Prof. Arvind Varma has been awarded the 2017 Natta Medal
Natta Medal is an award that the Department of Chemistry, Materials and Chemical Engineering of Politecnico di Milano assigns every year to an eminent Professor, who has distinguished himself/herself in the world for his/her original studies and researches, and has reached outstanding achievements in the main areas of interest for the CMIC Department.
This award was established for the first time in 2013 to celebrate the 50ths of the Nobel prize to Giulio Natta. It implies a Lectio Magistralis at the beginning of our academic year and the assignment of a medal.
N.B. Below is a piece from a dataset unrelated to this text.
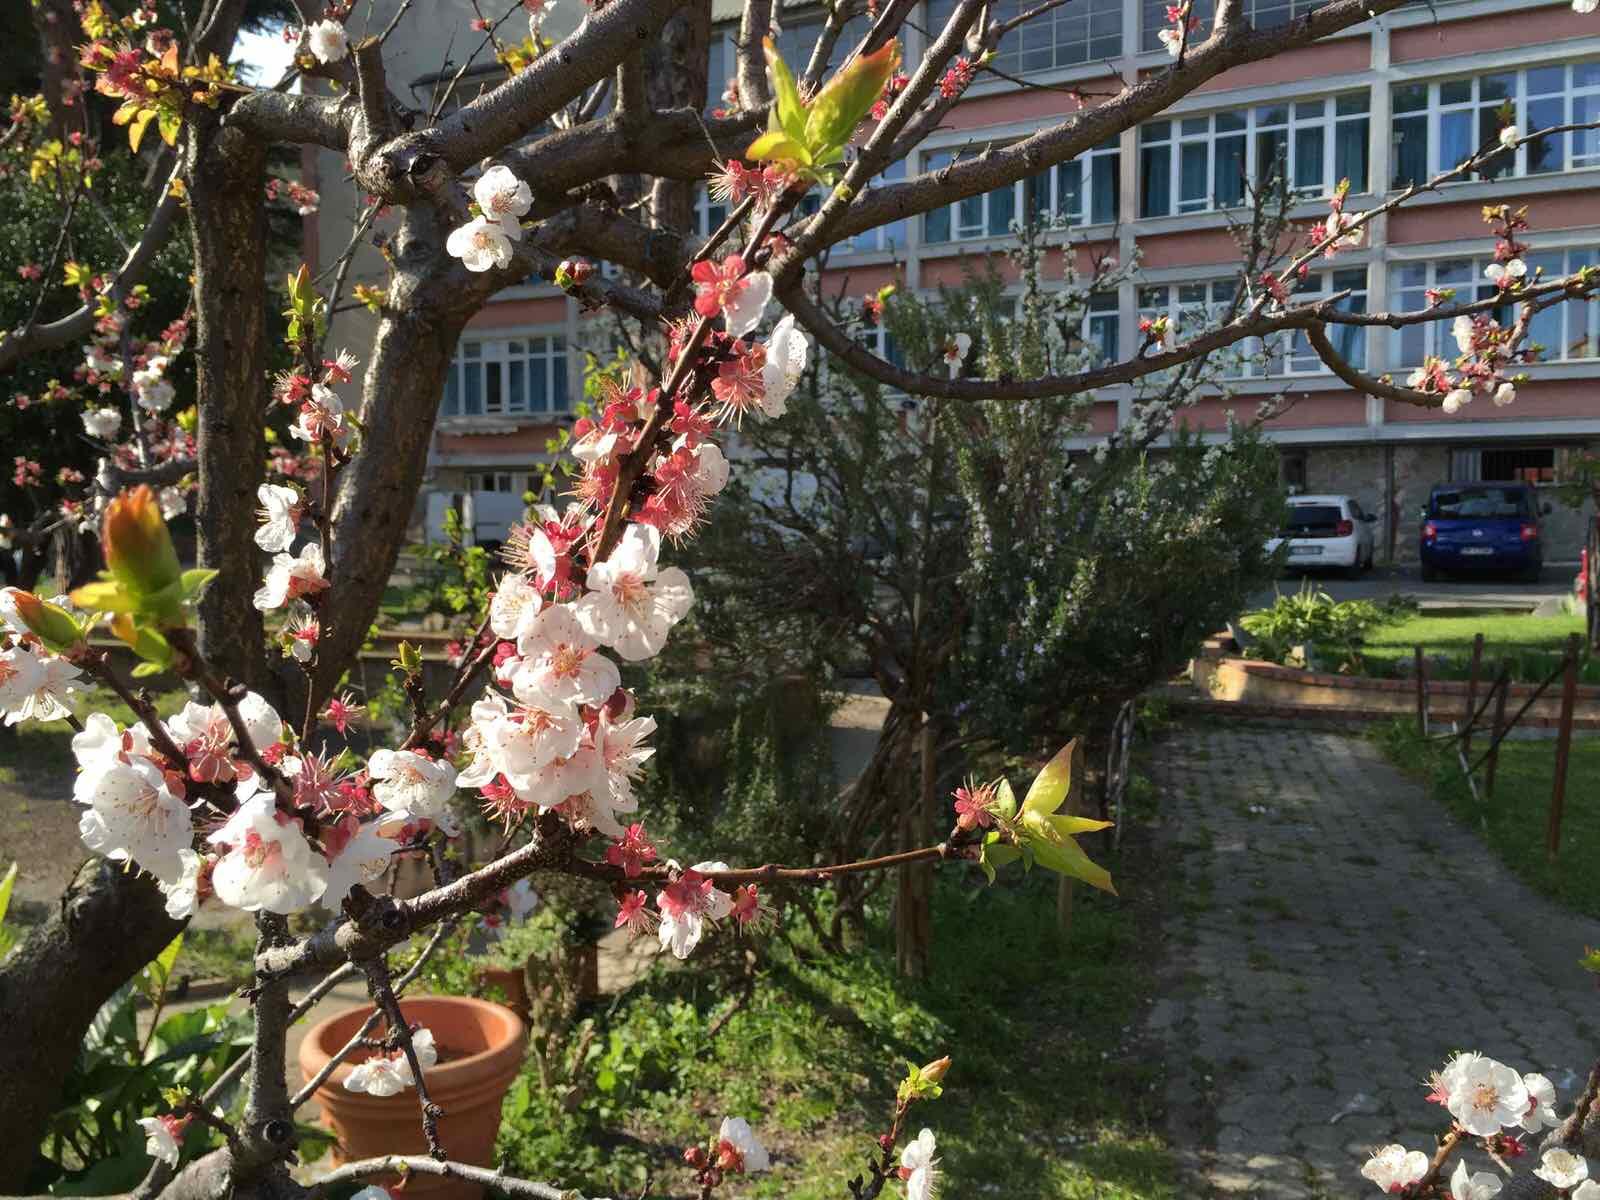 Centro Franco Chiarella - giardino 01
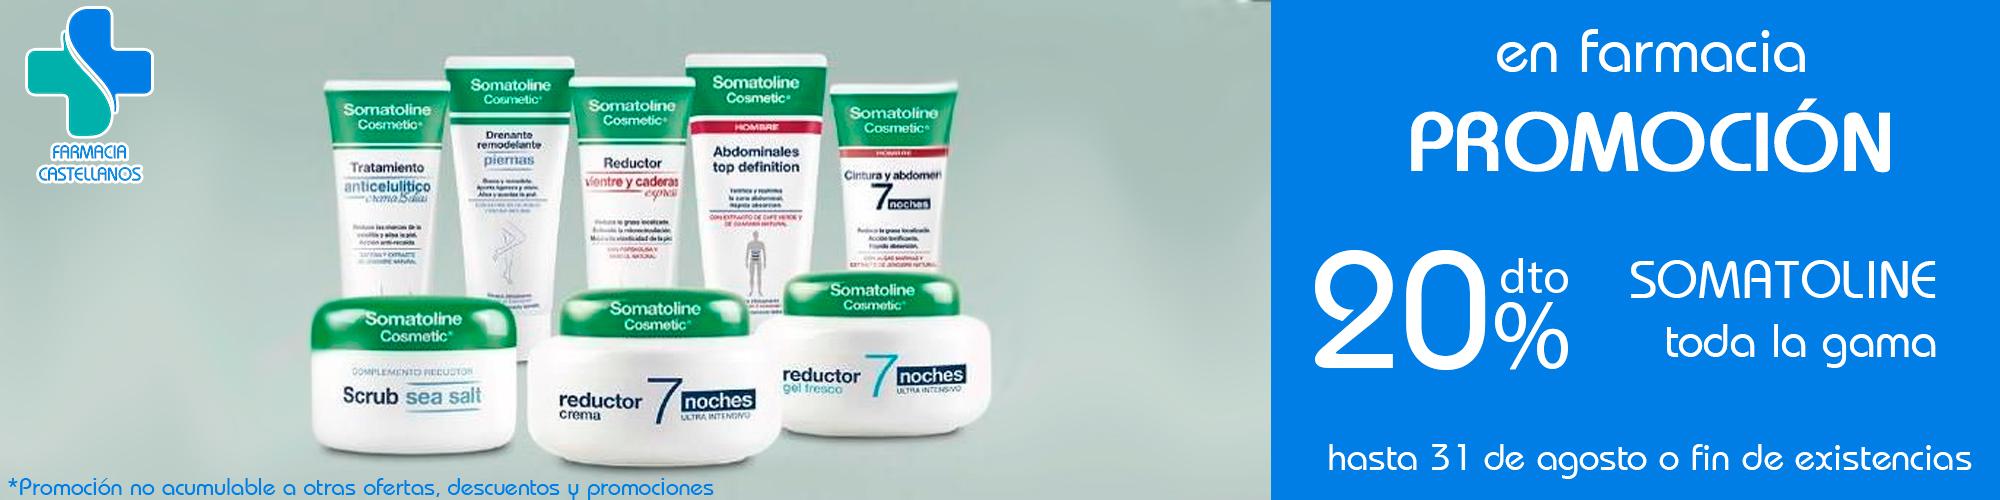 promocion-somatoline-ago-farmaciabeatrizcastellanos

This distinction was presented to Dr. Varma in recognition of his “outstanding contributions to the science of chemical and material engineering, for his professional achievements in guiding major institutions, and for his efforts in advising students and younger colleagues at various levels in their academic careers”.
In the Lectio Magistralis, some selected research programs to produce energy carriers and valuable chemicals from new or renewable sources, currently being conducted or recently completed in his laboratory, has been discussed. These included (i) hydrogen generation for PEM fuel cell vehicle applications, (ii) catalytic upgrading of bio-oils, and (iii) utilization of glycerol, a biodiesel waste product, for production of valuable chemicals and fuels. The research relies on development of new catalytic materials and/or processes and demonstrates successful applications of the principles of chemical and catalytic reaction engineering to solve problems of contemporary interest.
Professor Varma serves as the Director of the Purdue Mexico Center for Sustainability (PMCS). Building upon existing collaborations between Purdue University and Mexican institutions, PMCS aims to develop deeper relationships that will include education and research activities in bioenergy; nanotechnology for energy, environment and agriculture applications; engineering to mitigate natural disasters; and water management.
Professor Varma's research group investigates topics in hydrogen and other energy sources, and chemical and catalytic reaction engineering. The projects typically involve combined experimental and modeling studies.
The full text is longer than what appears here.